Adrian Wüthrich äussert sich zur AHV- und Steuervorlage

Die neue AHV- und Steuervorlage bewegt die Schweiz. Am 19. Mai entscheidet das Volk. Ein Kommentar von SP-Nationalrat Adrian Wüthrich.

Nationalrat Adrian Wüthrich, SP BE, Präsident Travail.Suisse - zvg

Das Wichtigste in Kürze

  • Am 19. Mai findet die Abstimmung zur AHV-Finanzierung und Steuerreform statt.
  • Schweizer Politiker äussern sich in der Rubrik «Stimmen der Schweiz» dazu.
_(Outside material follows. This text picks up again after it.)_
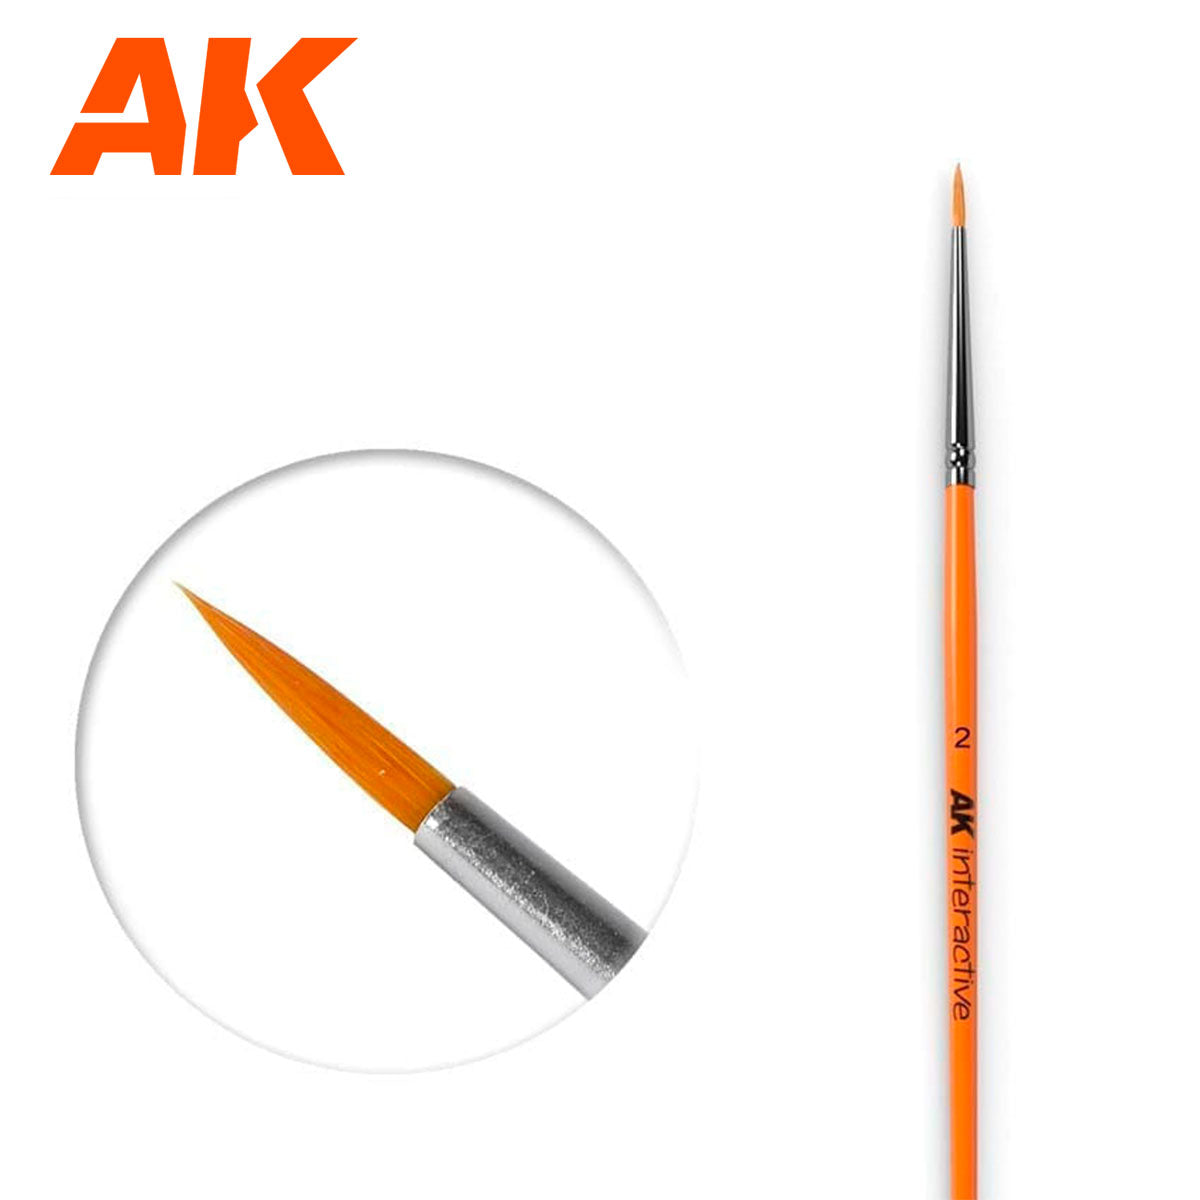 AK Round Brush No.2 (Synthetic)

Travail.Suisse, der unabhängige Dachverband der Arbeitnehmenden, hat die Unternehmens-steuerreform III bekämpft. Die neue Vorlage enthält den geforderten sozialen Ausgleich in Form einer substantiellen AHV-Zusatzfinanzierung. Die AHV-Steuervorlage bringt so ab 2020 pro Jahr rund zwei Milliarden Franken Mehreinnahmen und stabilisiert in den nächsten Jahren die AHV-Finanzen. Für die Arbeitnehmenden bedeutet dies zwar eine leichte Erhöhung der Lohnbeiträge, unter dem Strich profitieren die tieferen Einkommen. Travail.Suisse unterstützt deshalb den Kompromiss, der für zwei wichtige Probleme der Schweiz eine Lösung bringt.

Sozial und Solidarisch

Am 19. Mai stimmen wir mit der AHV-Steuervorlage auch darüber ab, ob die AHV gut zwei Milliarden Franken Mehreinnahmen erhalten soll. Das Betriebsergebnis 2018 der AHV hat gezeigt, dass sie es dringend nötig hat. Zu dieser Dringlichkeit hat unter anderem die Ablehnung der Altersvorsorge 2020 im September 2017 beigetragen. Die ständerätliche Wirtschaftskommission hat diesen Fakt bei der Beratung der Unternehmenssteuerreform eingebaut und den Grundsatz gefällt, der schliesslich zum mehrheitsfähigen Kompromiss wurde: Der Betrag, den die Umsetzung der Unternehmenssteuerreform den Staat kostet, soll die AHV als Zusatzfinanzierung erhalten.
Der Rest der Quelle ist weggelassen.